> **Activity**: The records follow. Retype them without a single change.
──────────────────────────────
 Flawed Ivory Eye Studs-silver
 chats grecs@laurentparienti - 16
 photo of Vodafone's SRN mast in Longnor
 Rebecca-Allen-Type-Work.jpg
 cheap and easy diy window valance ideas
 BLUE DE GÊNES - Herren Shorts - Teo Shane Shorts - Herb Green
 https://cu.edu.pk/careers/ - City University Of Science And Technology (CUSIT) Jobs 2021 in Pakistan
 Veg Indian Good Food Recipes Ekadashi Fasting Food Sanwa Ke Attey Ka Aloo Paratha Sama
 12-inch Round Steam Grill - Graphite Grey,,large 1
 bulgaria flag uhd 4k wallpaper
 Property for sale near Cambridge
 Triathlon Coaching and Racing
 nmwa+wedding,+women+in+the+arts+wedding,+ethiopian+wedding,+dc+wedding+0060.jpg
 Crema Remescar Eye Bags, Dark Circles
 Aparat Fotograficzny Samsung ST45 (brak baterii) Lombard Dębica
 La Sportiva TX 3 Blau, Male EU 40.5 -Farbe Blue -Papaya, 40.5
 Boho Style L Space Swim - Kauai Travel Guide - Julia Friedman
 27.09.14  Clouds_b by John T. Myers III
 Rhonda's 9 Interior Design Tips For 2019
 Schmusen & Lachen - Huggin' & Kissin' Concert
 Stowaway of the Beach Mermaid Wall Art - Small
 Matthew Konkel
──────────────────────────────
> **Exercise response**:
 Flawed Ivory Eye Studs-silver
 chats grecs@laurentparienti - 16
 photo of Vodafone's SRN mast in Longnor
 Rebecca-Allen-Type-Work.jpg
 cheap and easy diy window valance ideas
 BLUE DE GÊNES - Herren Shorts - Teo Shane Shorts - Herb Green
 https://cu.edu.pk/careers/ - City University Of Science And Technology (CUSIT) Jobs 2021 in Pakistan
 Veg Indian Good Food Recipes Ekadashi Fasting Food Sanwa Ke Attey Ka Aloo Paratha Sama
 12-inch Round Steam Grill - Graphite Grey,,large 1
 bulgaria flag uhd 4k wallpaper
 Property for sale near Cambridge
 Triathlon Coaching and Racing
 nmwa+wedding,+women+in+the+arts+wedding,+ethiopian+wedding,+dc+wedding+0060.jpg
 Crema Remescar Eye Bags, Dark Circles
 Aparat Fotograficzny Samsung ST45 (brak baterii) Lombard Dębica
 La Sportiva TX 3 Blau, Male EU 40.5 -Farbe Blue -Papaya, 40.5
 Boho Style L Space Swim - Kauai Travel Guide - Julia Friedman
 27.09.14  Clouds_b by John T. Myers III
 Rhonda's 9 Interior Design Tips For 2019
 Schmusen & Lachen - Huggin' & Kissin' Concert
 Stowaway of the Beach Mermaid Wall Art - Small
 Matthew Konkel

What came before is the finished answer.